ACTION ITEM
A verbatim restatement of the data, free of pictures, is what you should output.

DATA EXTRACT
------------------------------------------------------------
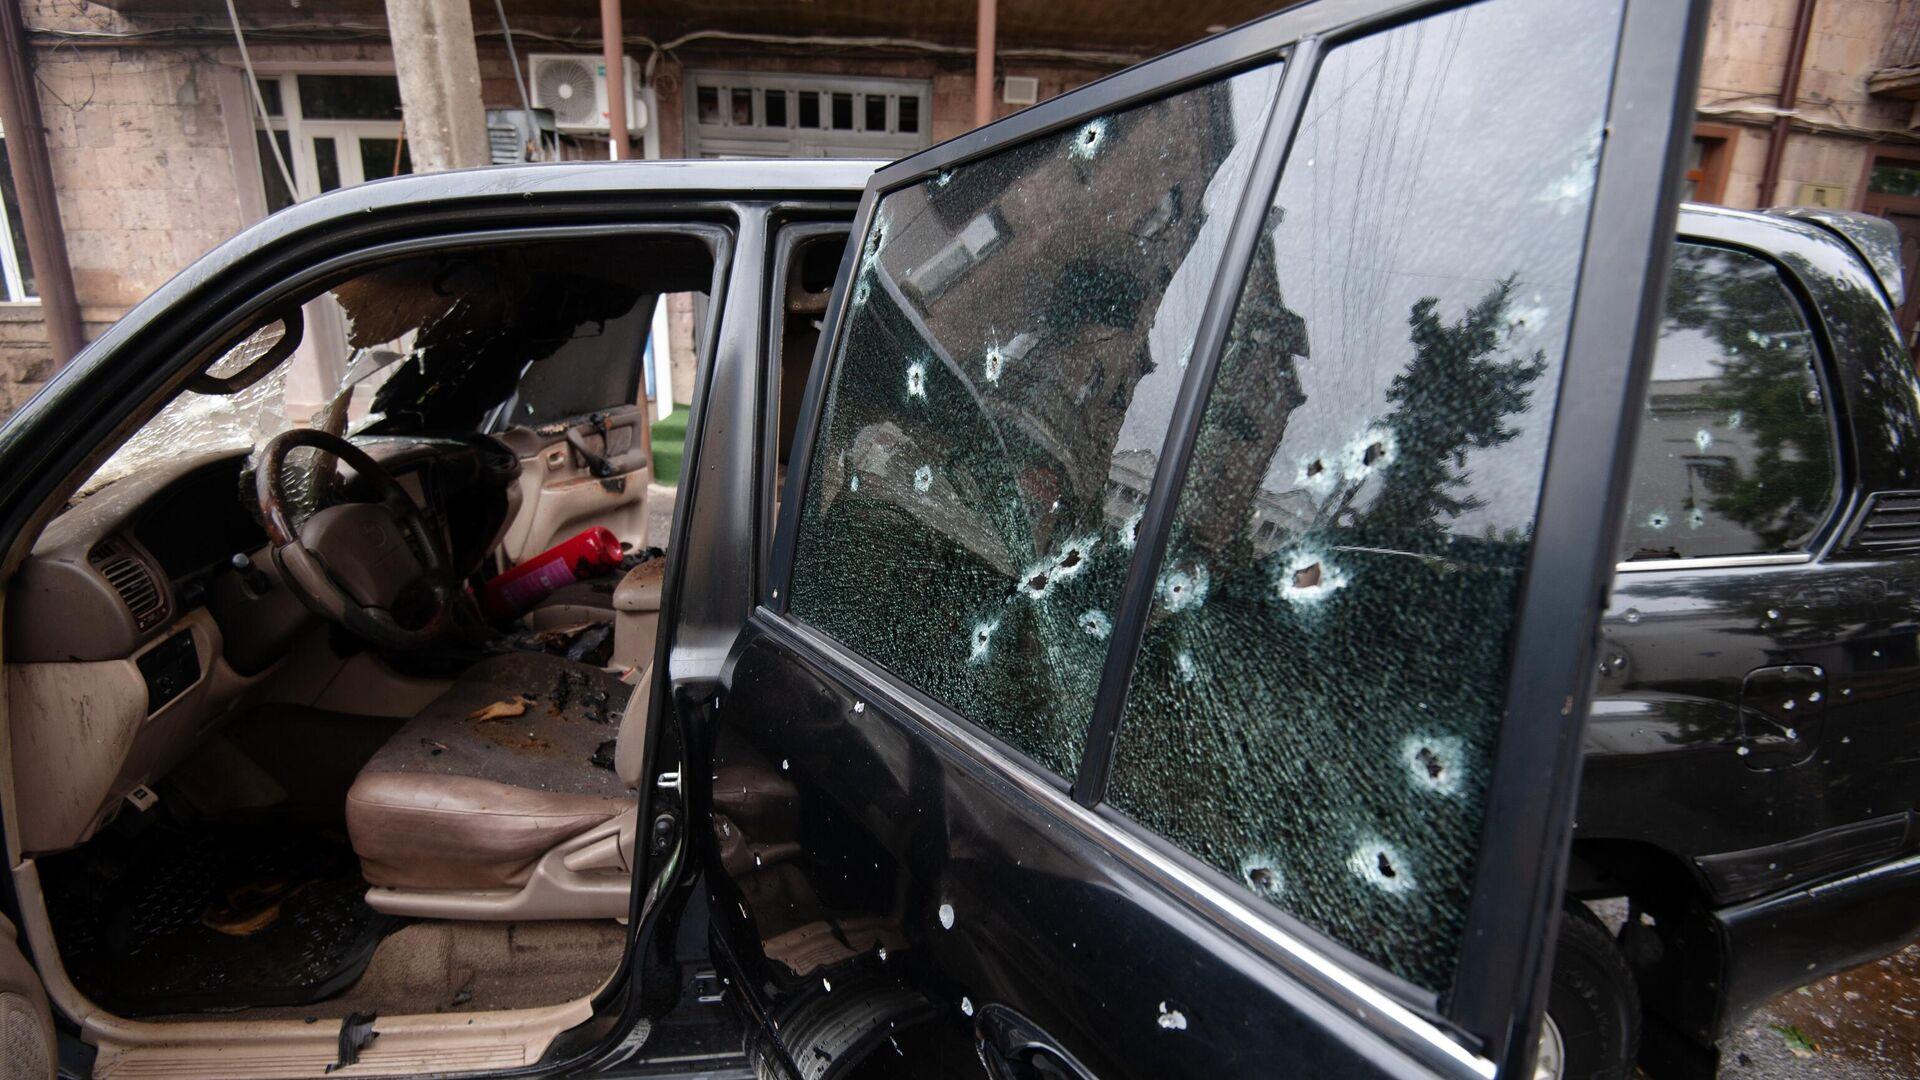 Автомобиль, поврежденный в результате обстрела в Степанакерте - РИА Новости, 1920, 06.10.2020
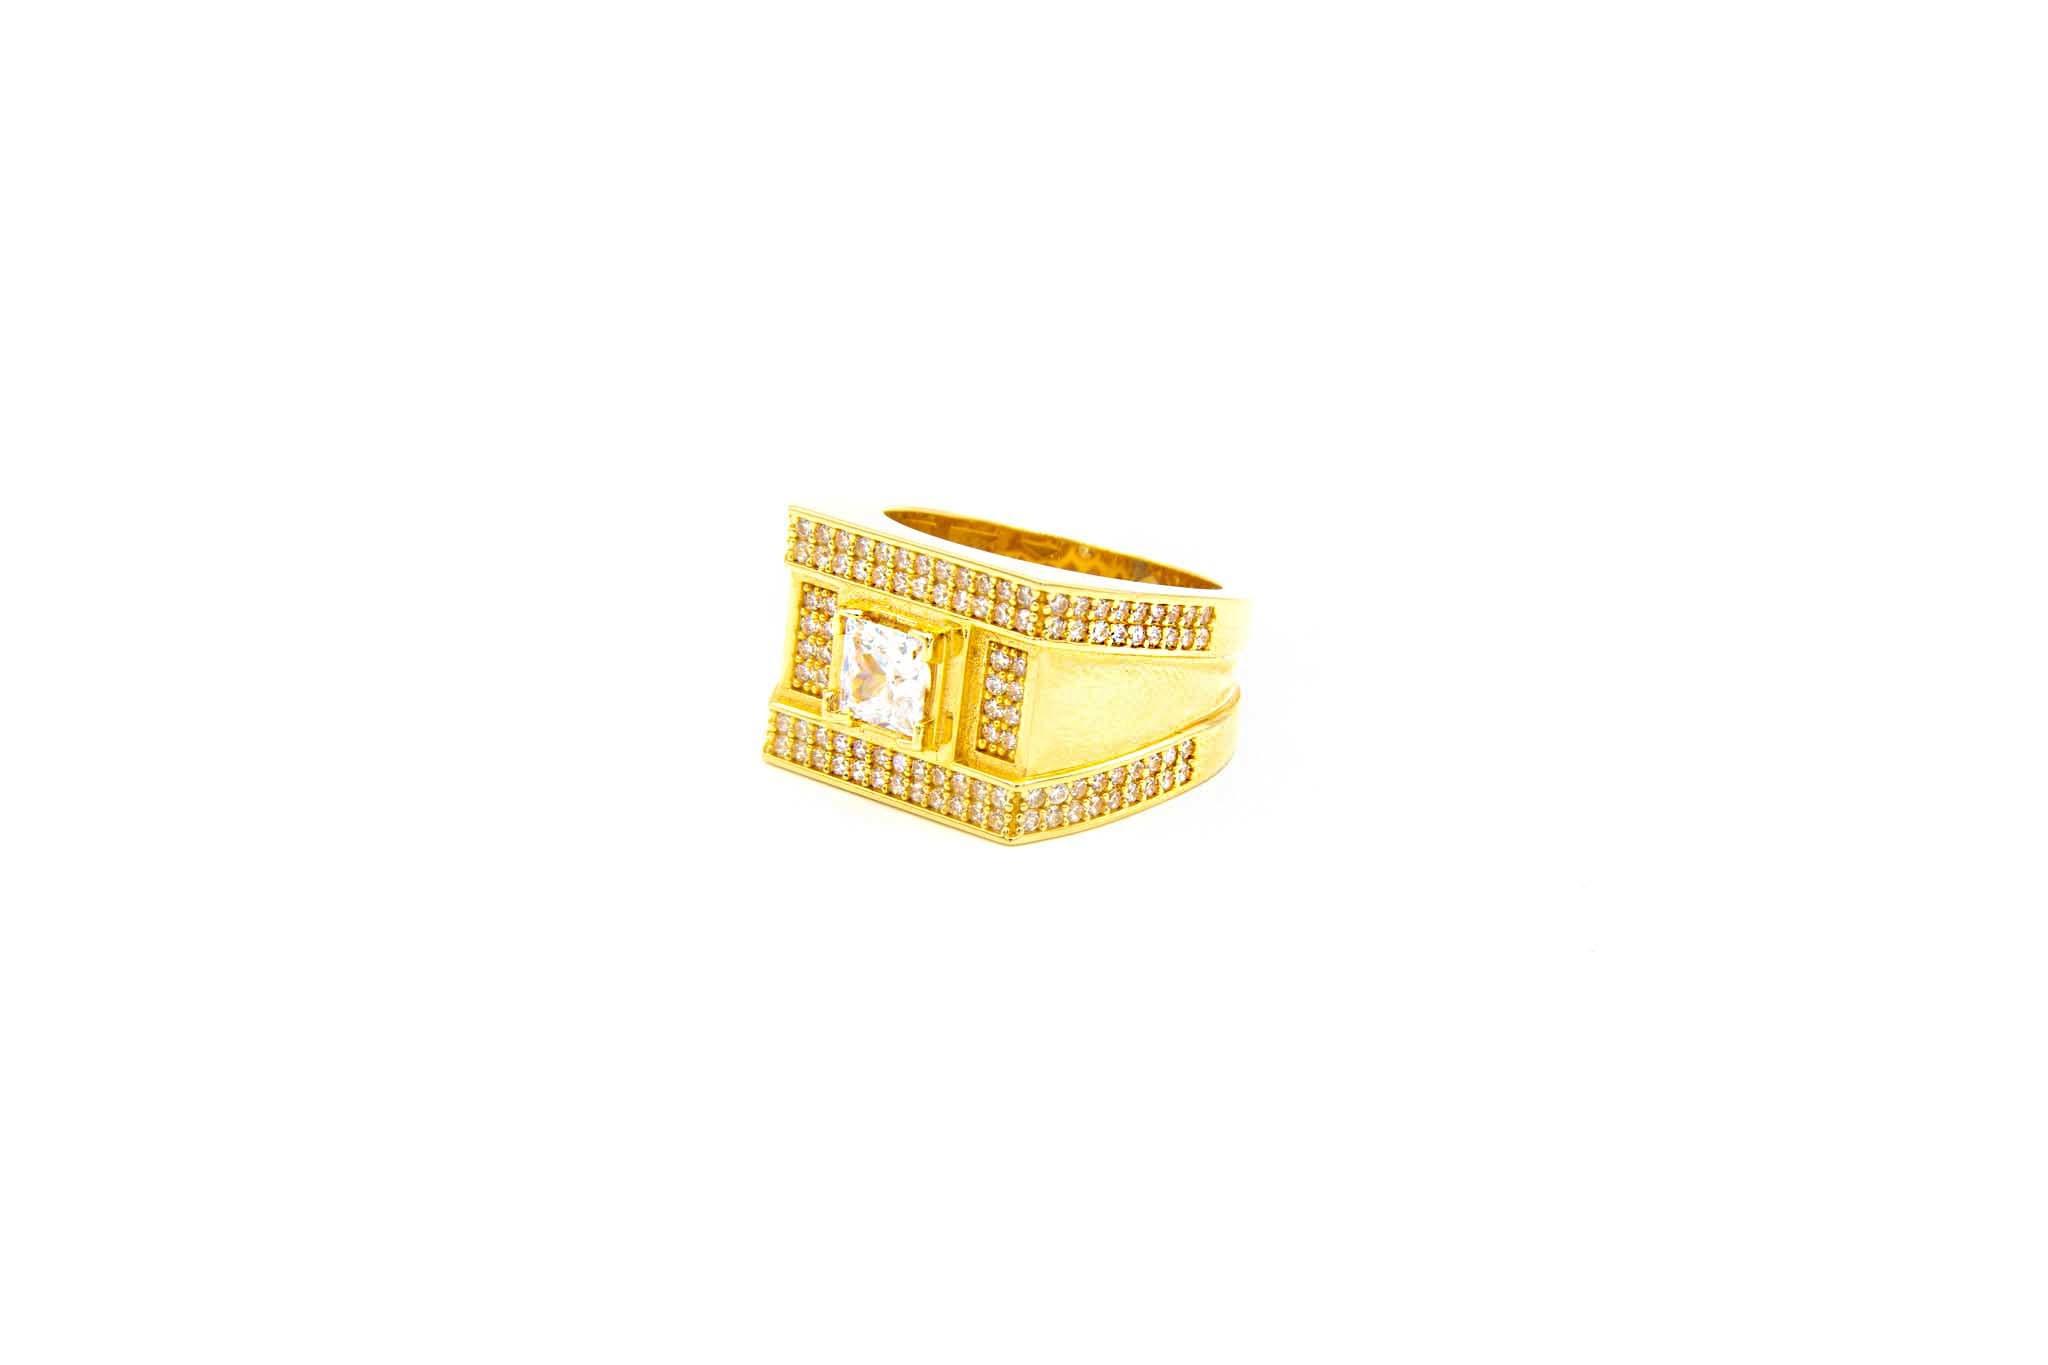 Ring zegel met grote en kleine zirkonia's-2
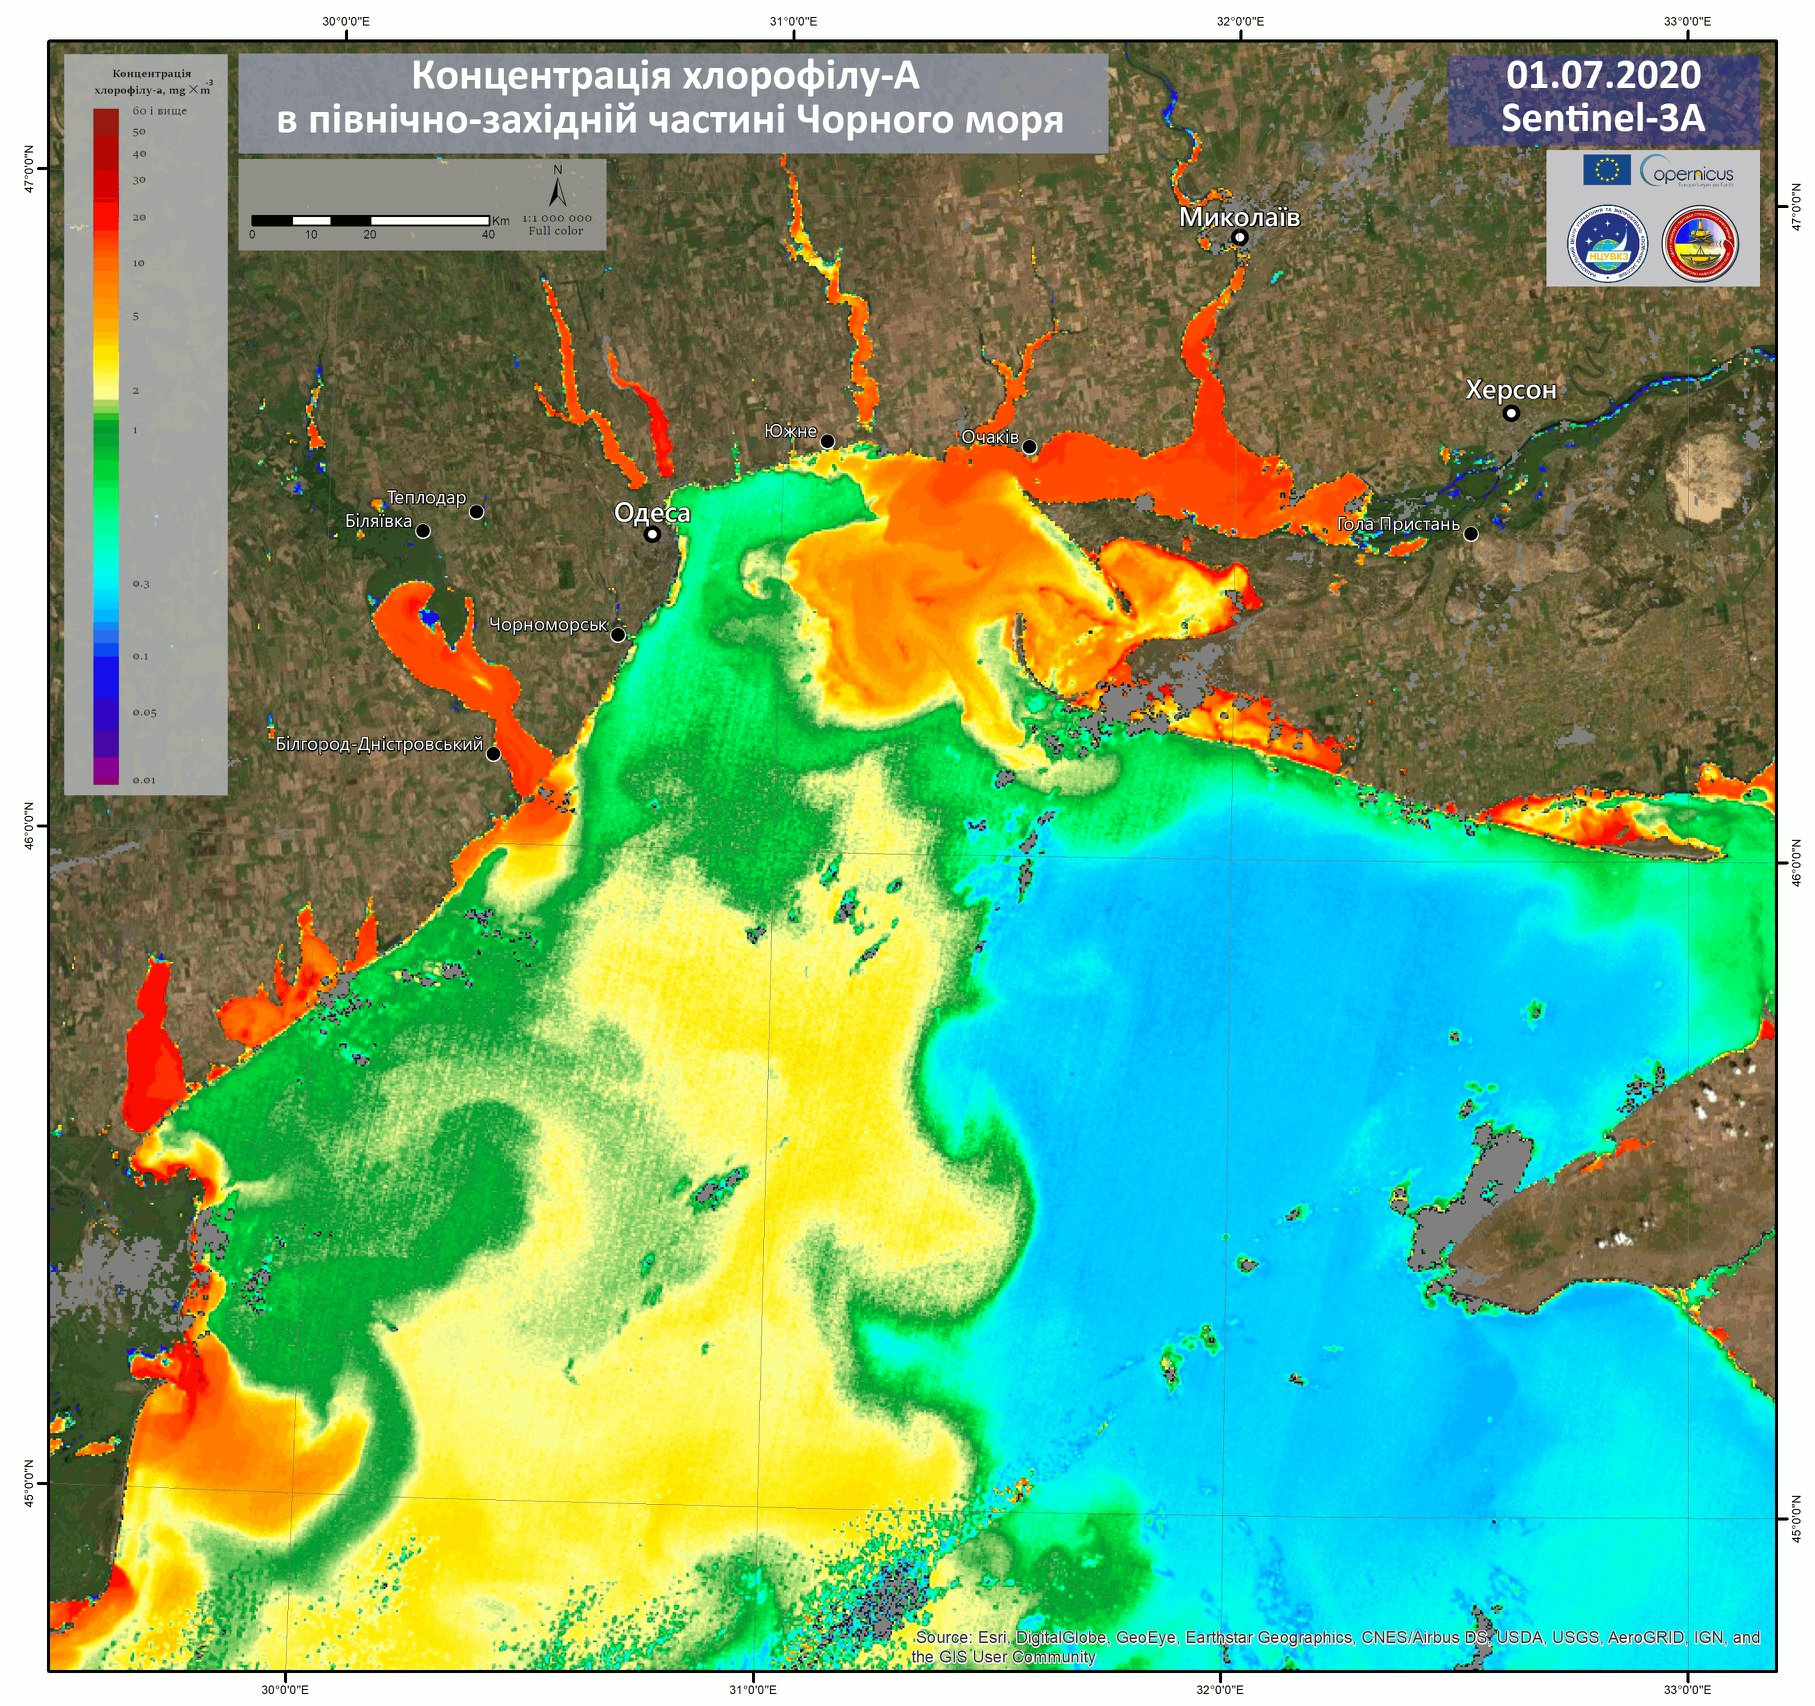 Як «зацвіло» Чорне море, побачили навіть з космосу - Одеса, Море - 08 more
------------------------------------------------------------
WRITTEN RESPONSE
 Автомобиль, поврежденный в результате обстрела в Степанакерте - РИА Новости, 1920, 06.10.2020
 Ring zegel met grote en kleine zirkonia's-2
 Як «зацвіло» Чорне море, побачили навіть з космосу - Одеса, Море - 08 more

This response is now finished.